Applying z-tests and t-tests

z-tests and t-tests

The z-test

Generally, we do not know the value of the standard deviation of the  (σ), and we have to estimate it with the standard deviation of the sample population (s). However, if we do know the standard deviation of the population we can use the z-test. The term "Z-test" is often used to refer specifically to the one-sample location test comparing the mean of a set of measurements to a given constant when the sample variance is known

Step 1: formulating a hypothesis

First, a hypothesis is formulated. There are two hypotheses: the null hypothesis and the alternative hypothesis. The null hypothesis means that the independent variable did not have an effect. The hypothesis implies that there is no change or difference. For the null hypothesis the symbol H0 is used. The H refers to hypothesis, and the 0 refers to zero effect. Next, there is the alternative hypothesis (H1) which indicates that there is a change or difference. In the context of an experiment, it indicates that the independent variable (for example a treatment method for depression) did have an effect on the dependent variable (extent of depression). When the null hypothesis for example is that the mean depression score is 30 in the population of depressed people, the alternative hypothesis can be that the mean does not equal 30 (µ ≠ 30). In some cases, the direction of the difference is also specified. For example, if it is expected that the group that received treatment has a higher mean, it applies: H1: µ1 < µ2. It is for example possible to indicate with H1 that the mean is lower than 30 (µ < 30) or higher than 30 (µ > 30). The latter possibility is in this example superfluous, because it is almost impossible that a treatment will cause an increase in the degree of depression. In this case we would say that H1 is a one-tailed, for the estimated value is less than the reference value; in opposition a two-tailed hypothesis is appropriate if the estimated value may be more than or less than the reference value.

The mathematical representations of the null and alternative hypotheses are defined below:

  • H0μ = m0
  • H1μ ≠ m0 (two-tailed)
  • H1μ > m0 (upper-tailed)
  • H1μ < m0 (lower-tailed)

Step 2: criteria to make a decision

To make a founded decision about the (in)correctness of the null hypothesis, certain criteria have to be used. We use the level of significance or the alfa level (α) as criterion.
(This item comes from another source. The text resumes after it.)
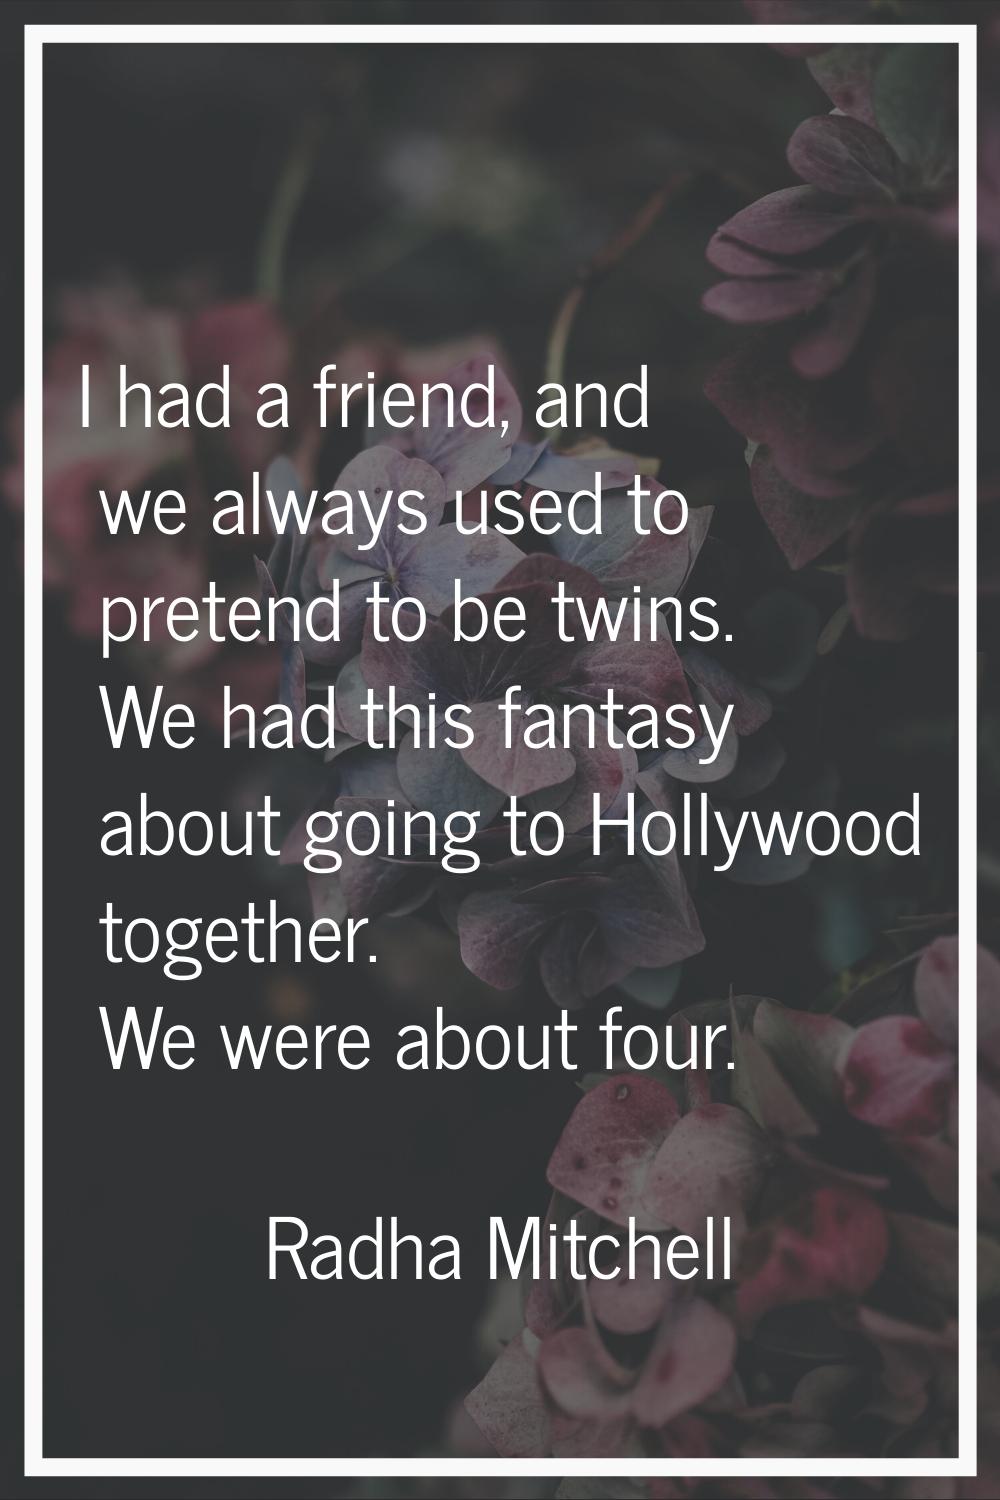 I had a friend, and we always used to pretend to be twins. We had this fantasy about going to Holly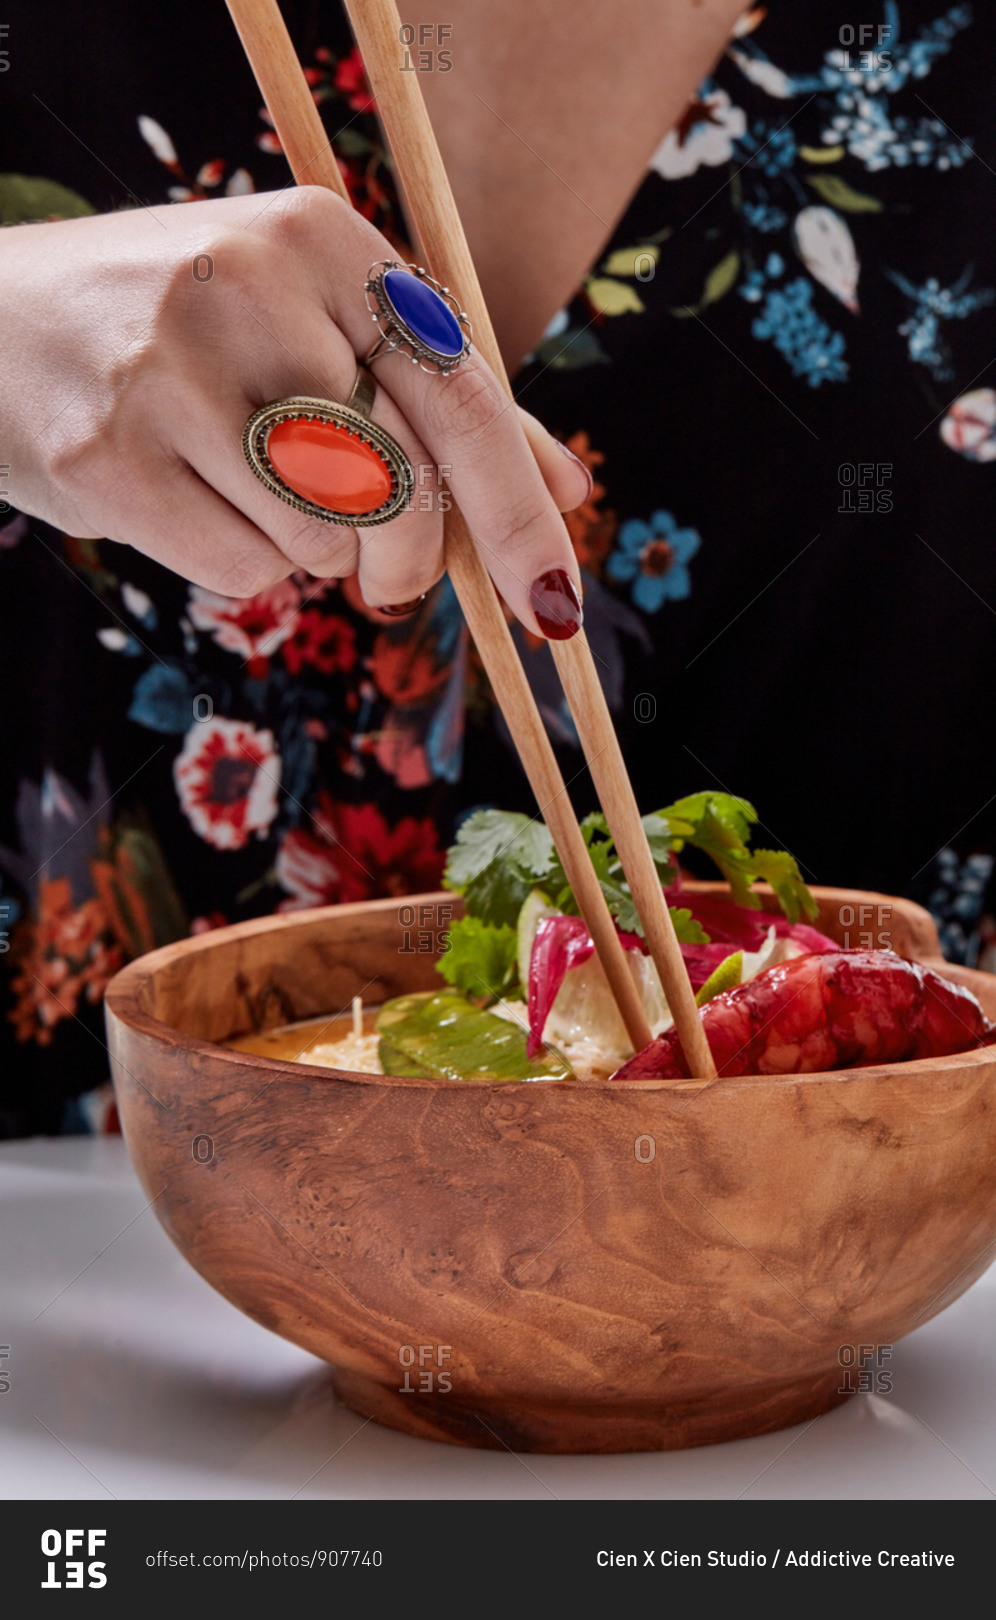 Crop hand with stylish orange and blue rings of faceless woman holding wooden chopsticks while eating Asian noodle bowl

The alfa level is a limit in the normal distribution that distinguishes between scores with a high chance and scores with a low chance of occurring in the sample, if the hypothesis is true. An alfa of 5% (α = 0.05) implies that there is a 5% chance that the result is found by chance. The alfa level is a chance value that is being used to determine highly unlikely sample results, if the null hypothesis is true.

Inferential statistics

The area that is demarcated with 'extreme low probability values if H0 is true' is called the critical region. The critical region consists of extreme sample values that are highly unlikely if the null hypothesis is true. When a found value falls within this critical region, it differs significantly from the mean and the null hypothesis is rejected. For an alfa of 5%, it implies that 5% of the scores falls within this critical area.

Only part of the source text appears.